Supratrigeminal Bilaterally Projecting Neurons Maintain Basal Tone and Enable Bilateral Phasic Activation of Jaw-Closing Muscles

Abstract

Anatomical studies have identified brainstem neurons that project bilaterally to left and right oromotor pools, which could potentially mediate bilateral muscle coordination. We use retrograde lentiviruses combined with a split-intein-mediated split-Cre-recombinase system in mice to isolate, characterize, and manipulate a population of neurons projecting to both the left and right jaw-closing trigeminal motoneurons. We find that these bilaterally projecting premotor neurons (BPNs) reside primarily in the supratrigeminal nucleus (SupV) and the parvicellular and intermediate reticular regions dorsal to the facial motor nucleus. These BPNs also project to multiple midbrain and brainstem targets implicated in orofacial sensorimotor control, and consist of a mix of glutamatergic, GABAergic, and glycinergic neurons, which can drive both excitatory and inhibitory inputs to trigeminal motoneurons when optogenetically activated in slice. Silencing BPNs with tetanus toxin light chain (TeNT) increases bilateral masseter activation during chewing, an effect driven by the expression of TeNT in SupV BPNs. Acute unilateral optogenetic inhibition of SupV BPNs identifies a group of tonically active neurons that function to lower masseter muscle tone, whereas unilateral optogenetic activation of SupV BPNs is sufficient to induce bilateral masseter activation both during resting state and during chewing. These results provide evidence for SupV BPNs in tonically modulating jaw-closing muscle tone and in mediating bilateral jaw closing.

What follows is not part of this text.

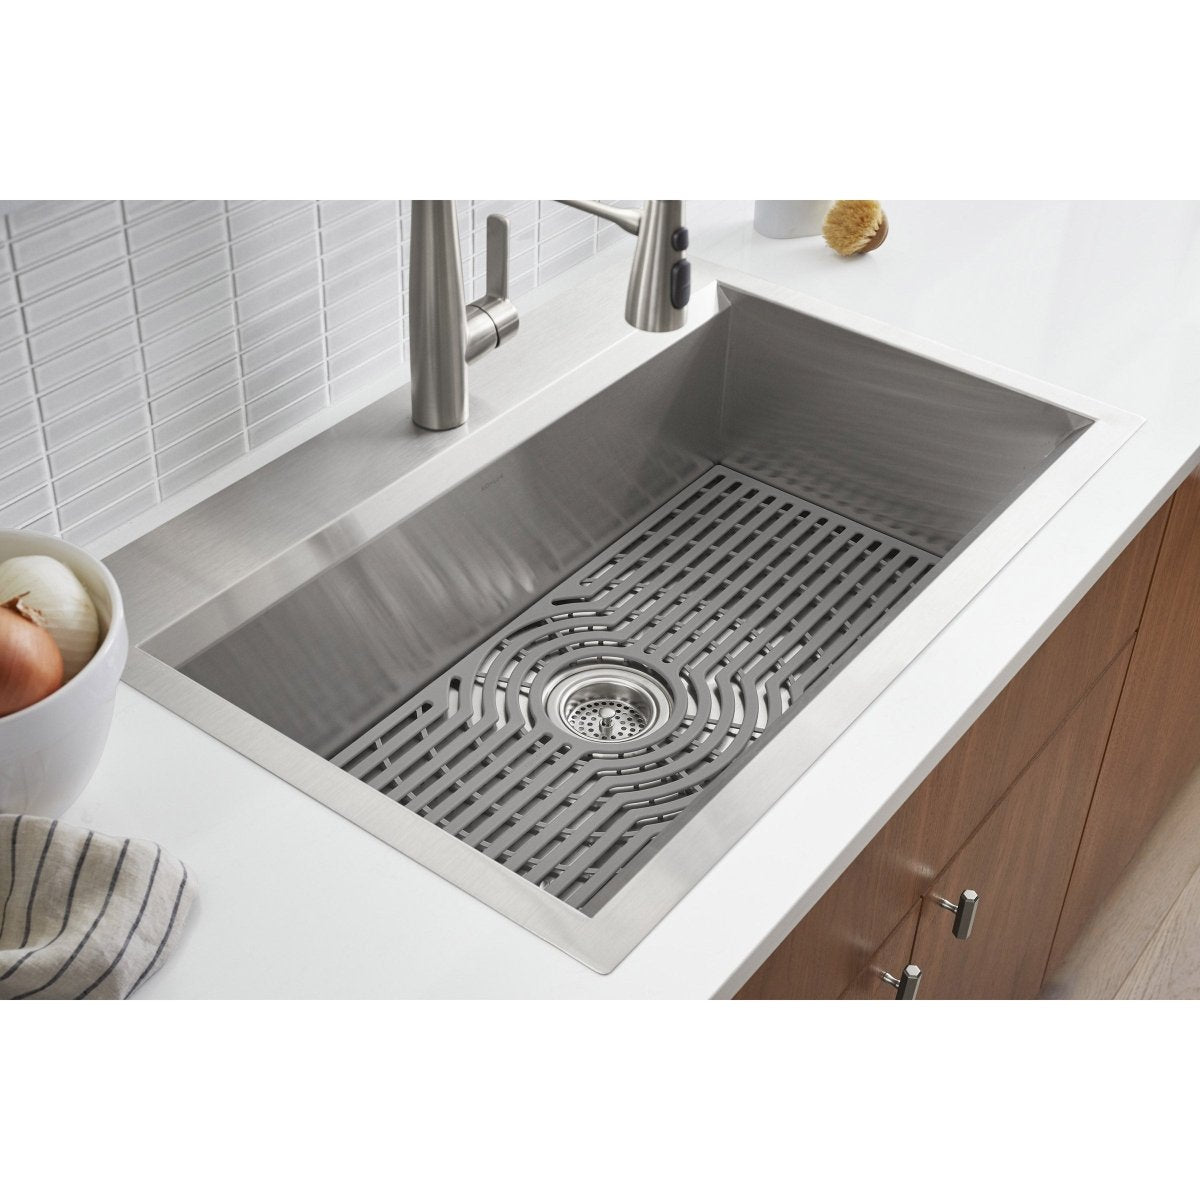 Kohler Pro-Inspired Kitchen Sink Kit - Alpine Outlets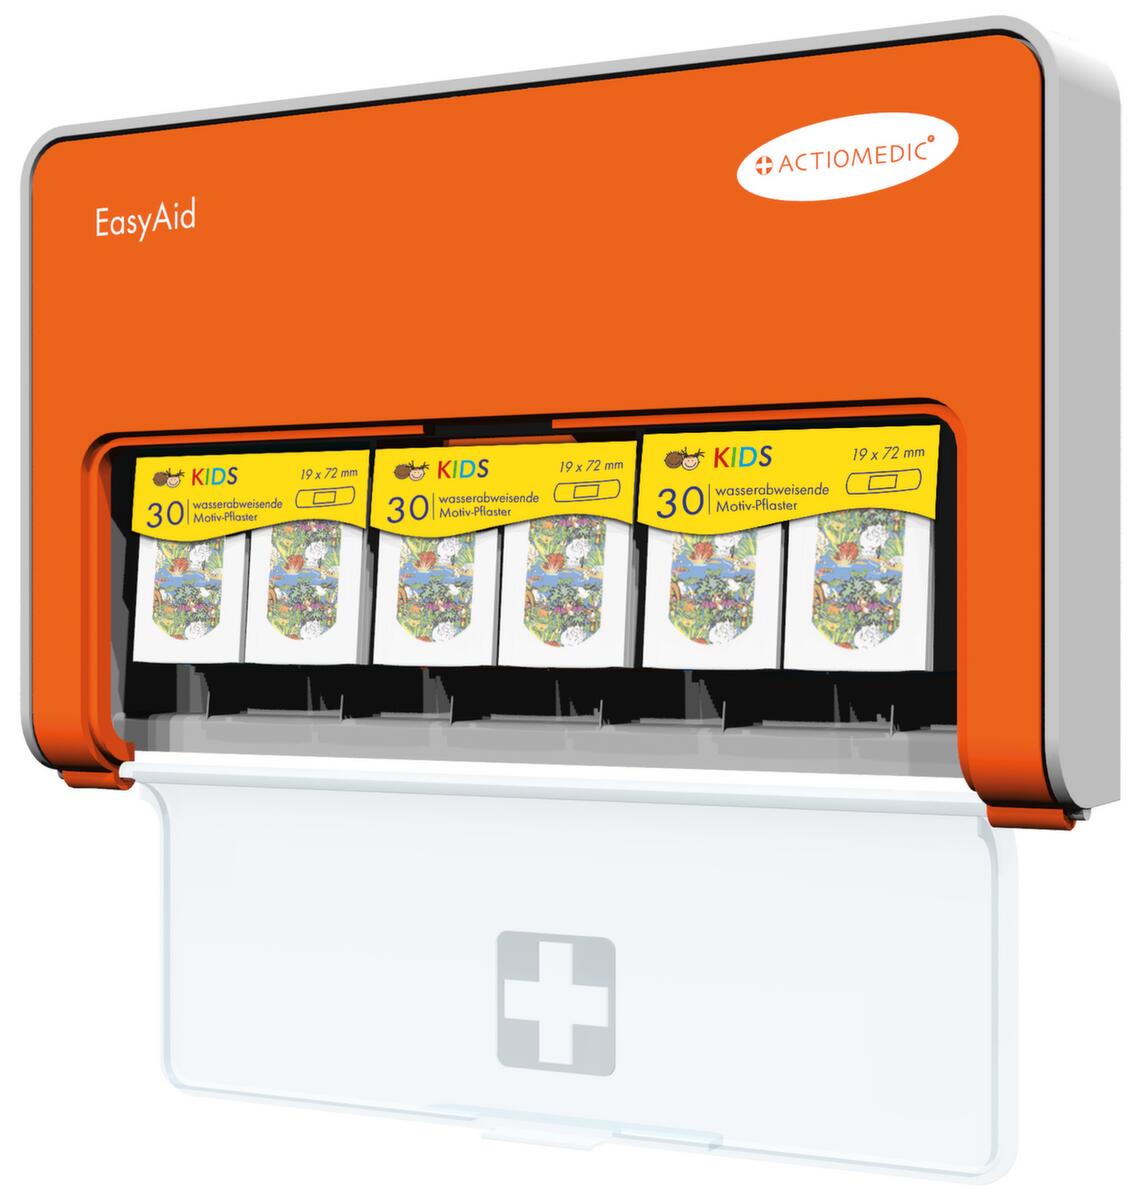 Pleisterautomaat EasyAid KIDS met 90 pleisters  ZOOM

Significance statement: We developed a method that combines retrograde lentiviruses with the split-intein-split-Cre system in mice to isolate, characterize, and manipulate neurons that project to both left and right jaw-closing motoneurons. We show that these bilaterally projecting premotor neurons (BPNs) reside primarily in the supratrigeminal nucleus and the rostral parvicellular and intermediate reticular nuclei. BPNs consist of both excitatory and inhibitory populations, and also project to multiple brainstem nuclei implicated in orofacial sensorimotor control. Manipulation of the supratrigeminal BPNs during natural jaw-closing behavior reveals a dual role for these neurons in eliciting phasic muscle activation and in maintaining basal muscle tone. The retrograde lentivirus carrying the split-intein-split-Cre system can be applied to study any neurons with bifurcating axons innervating two brain regions.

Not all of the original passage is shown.